[Stored data entries]
-----
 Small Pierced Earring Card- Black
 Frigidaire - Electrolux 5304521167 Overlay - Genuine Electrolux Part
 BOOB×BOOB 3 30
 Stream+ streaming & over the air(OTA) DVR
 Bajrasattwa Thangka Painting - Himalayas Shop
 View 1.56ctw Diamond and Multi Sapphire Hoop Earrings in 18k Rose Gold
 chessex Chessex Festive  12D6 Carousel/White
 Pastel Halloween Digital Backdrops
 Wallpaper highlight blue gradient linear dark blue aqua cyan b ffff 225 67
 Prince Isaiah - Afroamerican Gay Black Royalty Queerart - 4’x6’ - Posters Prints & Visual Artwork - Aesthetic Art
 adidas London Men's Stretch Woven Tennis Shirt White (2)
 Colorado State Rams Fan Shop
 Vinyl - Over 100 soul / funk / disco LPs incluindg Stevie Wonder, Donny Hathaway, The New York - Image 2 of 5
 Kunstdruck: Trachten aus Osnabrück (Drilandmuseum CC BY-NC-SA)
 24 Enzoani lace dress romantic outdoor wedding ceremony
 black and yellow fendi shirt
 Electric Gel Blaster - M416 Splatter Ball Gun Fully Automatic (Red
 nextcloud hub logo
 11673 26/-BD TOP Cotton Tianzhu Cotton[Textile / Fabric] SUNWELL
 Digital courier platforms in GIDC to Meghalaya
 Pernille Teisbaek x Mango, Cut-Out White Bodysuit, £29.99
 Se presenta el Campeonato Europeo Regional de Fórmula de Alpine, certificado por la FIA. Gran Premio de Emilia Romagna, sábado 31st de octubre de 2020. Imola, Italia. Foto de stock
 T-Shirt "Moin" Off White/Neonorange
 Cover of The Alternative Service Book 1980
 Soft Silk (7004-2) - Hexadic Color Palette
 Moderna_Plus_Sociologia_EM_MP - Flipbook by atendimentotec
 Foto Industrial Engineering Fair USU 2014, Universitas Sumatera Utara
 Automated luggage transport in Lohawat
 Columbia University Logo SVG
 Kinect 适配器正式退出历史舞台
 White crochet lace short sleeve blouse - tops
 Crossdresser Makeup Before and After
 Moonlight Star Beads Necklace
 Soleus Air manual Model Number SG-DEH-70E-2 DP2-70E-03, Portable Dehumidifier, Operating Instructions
-----
Only the lines above from the line containing "BOOB×BOOB 3 30" through the line containing "Digital courier platforms" should be retyped, exactly and with both ends included.

 BOOB×BOOB 3 30
 Stream+ streaming & over the air(OTA) DVR
 Bajrasattwa Thangka Painting - Himalayas Shop
 View 1.56ctw Diamond and Multi Sapphire Hoop Earrings in 18k Rose Gold
 chessex Chessex Festive  12D6 Carousel/White
 Pastel Halloween Digital Backdrops
 Wallpaper highlight blue gradient linear dark blue aqua cyan b ffff 225 67
 Prince Isaiah - Afroamerican Gay Black Royalty Queerart - 4’x6’ - Posters Prints & Visual Artwork - Aesthetic Art
 adidas London Men's Stretch Woven Tennis Shirt White (2)
 Colorado State Rams Fan Shop
 Vinyl - Over 100 soul / funk / disco LPs incluindg Stevie Wonder, Donny Hathaway, The New York - Image 2 of 5
 Kunstdruck: Trachten aus Osnabrück (Drilandmuseum CC BY-NC-SA)
 24 Enzoani lace dress romantic outdoor wedding ceremony
 black and yellow fendi shirt
 Electric Gel Blaster - M416 Splatter Ball Gun Fully Automatic (Red
 nextcloud hub logo
 11673 26/-BD TOP Cotton Tianzhu Cotton[Textile / Fabric] SUNWELL
 Digital courier platforms in GIDC to Meghalaya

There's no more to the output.